Using autoregressive character-level language model to augment wordlists?
#5
(12-27-2023, 06:27 AM)penguinkeeper Wrote: And now Torch rules the entire Chess world Smile I know what you're saying though and I agree that often brains is better than brawn but with something as relatively unpredictable as passwords, it's simply just a very difficult thing to predict. You're not just guessing what someone will choose, you're searching an almost random space of billions of people's brain RNGs. There isn't a pattern between one person to another, you just have to crush your own way through it. You're absolutely welcome to experiment with the many models out there, though and I'll have to add it to my own to-do list

So it's been a while but recently this idea popped back into my mind.

I took a wordlist hashmob.net.small - 2 million passwords, and I trained a small 25 million parameter model for not even half an epoch on it.

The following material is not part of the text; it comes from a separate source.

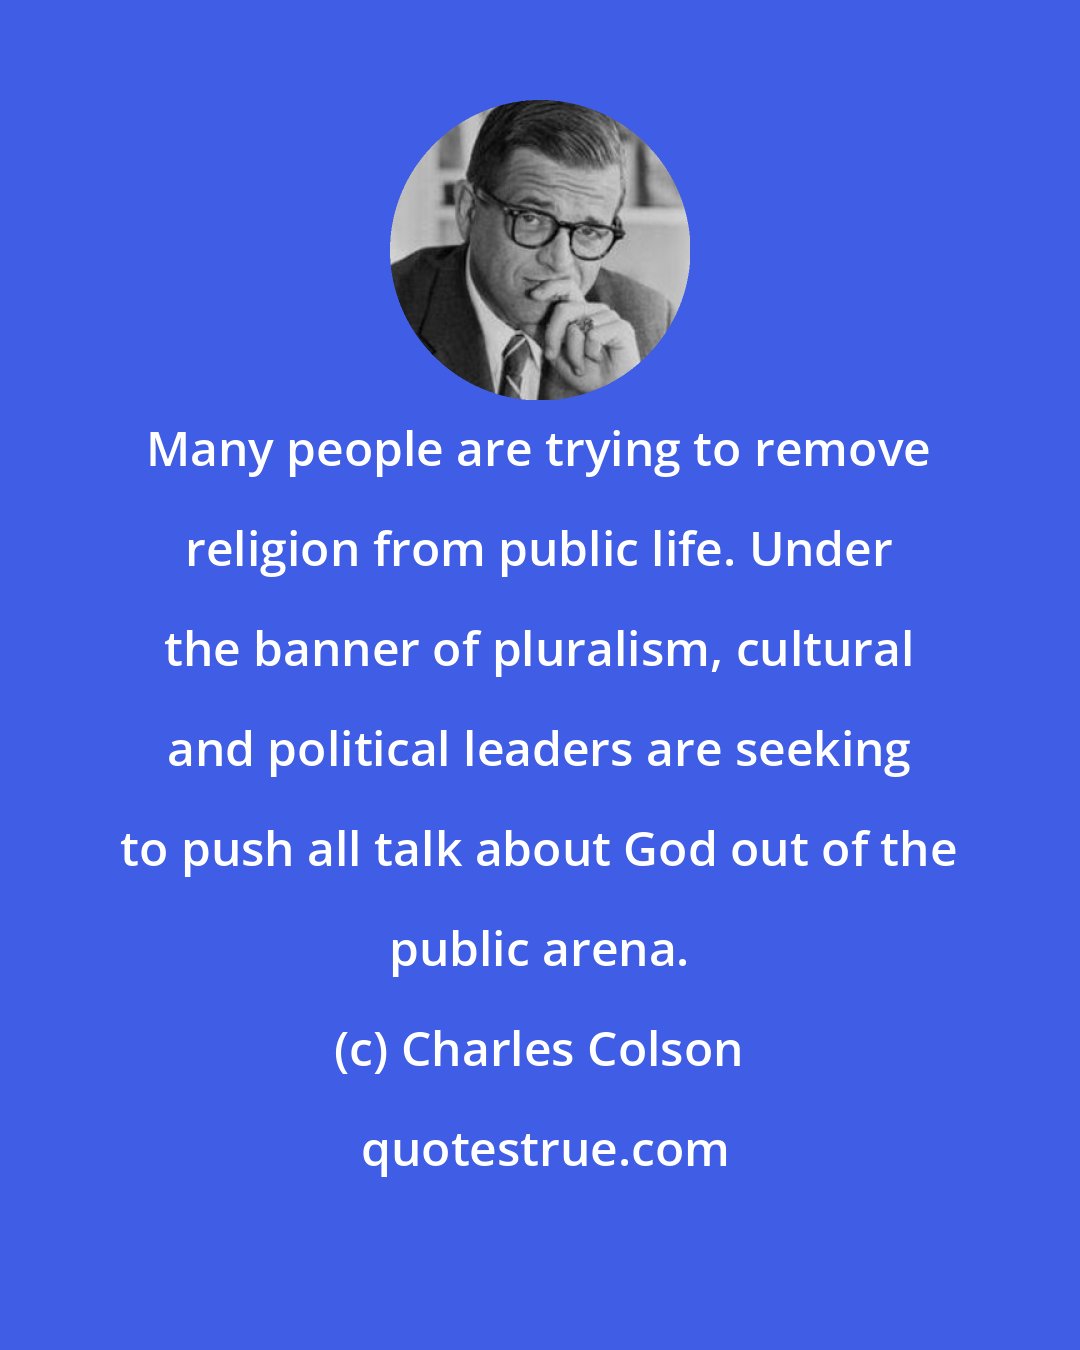 Charles Colson: Many people are trying to remove religion from public life. Under the banner of pluralism, cultural and political leaders are seeking to push all talk about God out of the public arena.

Then I generated 10,000 new passwords. Out of them, only 6921 were not present in the training set - so these were the unique AI generate passwords.

Then to check the quality of the said passwords I took a bigger wordlist hk_hlm_founds 38.6 million passwords. It turns out my AI generated wordlist contains 678 passwords that can be found in that wordlist. Then I checked an even bigger wordlist, weakpass_4.latin 2.16 billion passwords. My AI generated wordlist shares 3313 passwords with that list, so I guess at least 48% of my newly generated unique passwords are actually useful which to be honest is way more than I expected, especially since I did not do any kind of hyperparameter tuning and I did not even train it for a single epoch.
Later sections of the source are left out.